CLEVELAND -- Sooner or later, Sandy Alomar Jr. will probably be hired away from the Indians and given a chance to manage in the Major Leagues. Now is not that time for Cleveland's bench coach.
On Monday, Red Sox general manager Ben Cherington informed reporters that Alomar was no longer being considered for Boston's managerial vacancy. At least for now, it appears Alomar will remain in the Indians' dugout.
"I had a talk with Sandy this weekend and told him how much I think of him, and that I think he's going to be a really good Major League manager one day," Cherington said, "but that he wasn't going to be the choice for us in 2012."

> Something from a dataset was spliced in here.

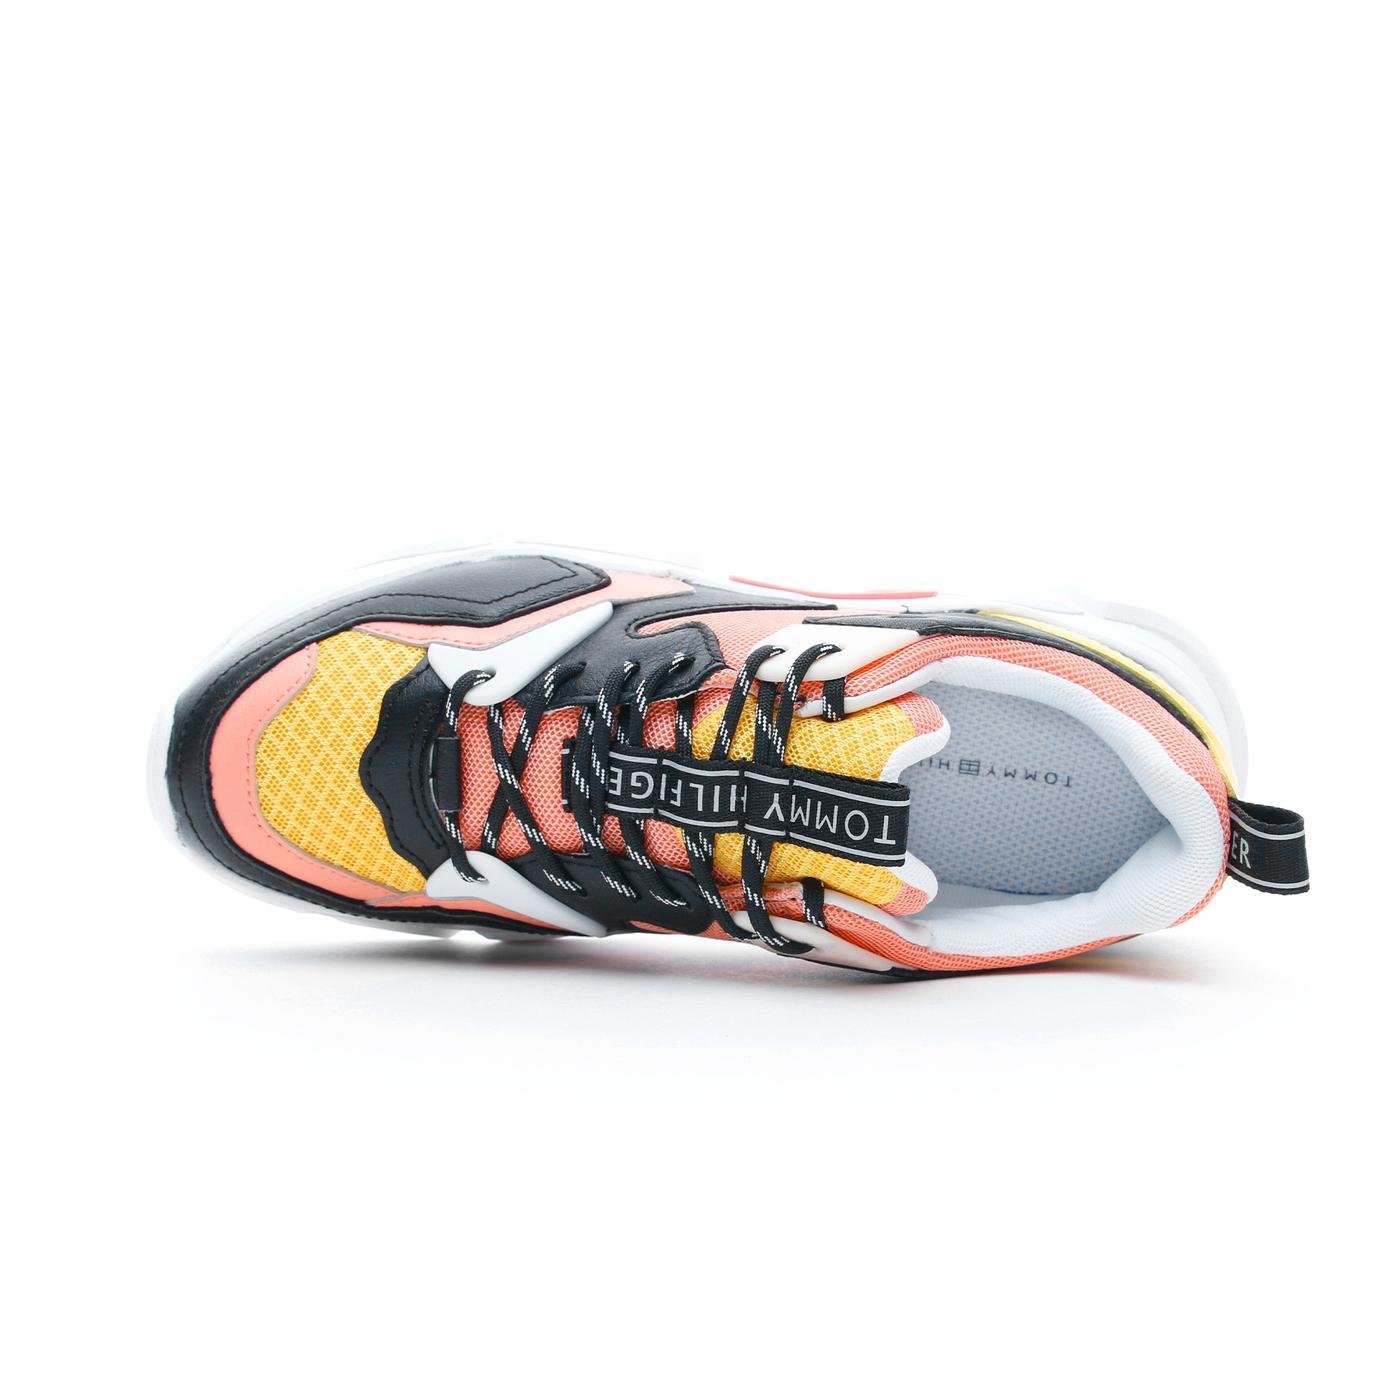 Tommy Hilfiger Chunky Lifestyle Kadın Pembe Spor Ayakkabı

Alomar, 45, interviewed with both the Cubs and Red Sox this offseason for the open manager roles. It was also rumored at one point that he was on the short list of candidates for the job with the White Sox, who ultimately hired Robin Ventura. The Cubs went with Dale Sveum, while the Red Sox continue to work through their search.
Alomar having no managing experience has hardly hindered clubs from considering him a serious candidate. Beyond this offseason's interviews, Alomar also sat down with the Blue Jays a year ago to discuss a possible move to Toronto. The Blue Jays instead decided to name John Farrell their manager.
For the 2012 season, Alomar will move into a bench-coach role under Indians manager Manny Acta. For the past two seasons, the former big league catcher worked as a first-base coach on Acta's staff. Acta's former bench coach, Tim Tolman, stepped down from the position at the end of last season due to health concerns.
Acta said at the end of the season that he felt Alomar would benefit from working as a bench coach in the upcoming season. One reason is Acta's belief that it is inevitable that Alomar will work as a Major League manager at some point.
"Sandy's very talented," Acta said at the time. "I think eventually he's going to end up being a big league manager. I think being a bench coach, it's a good step for him. He's very prepared. He's got passion for the game and he's one of those few gifted guys that not only was a very good player, but also has the passion and the willingness to put the time into preparing for his duties."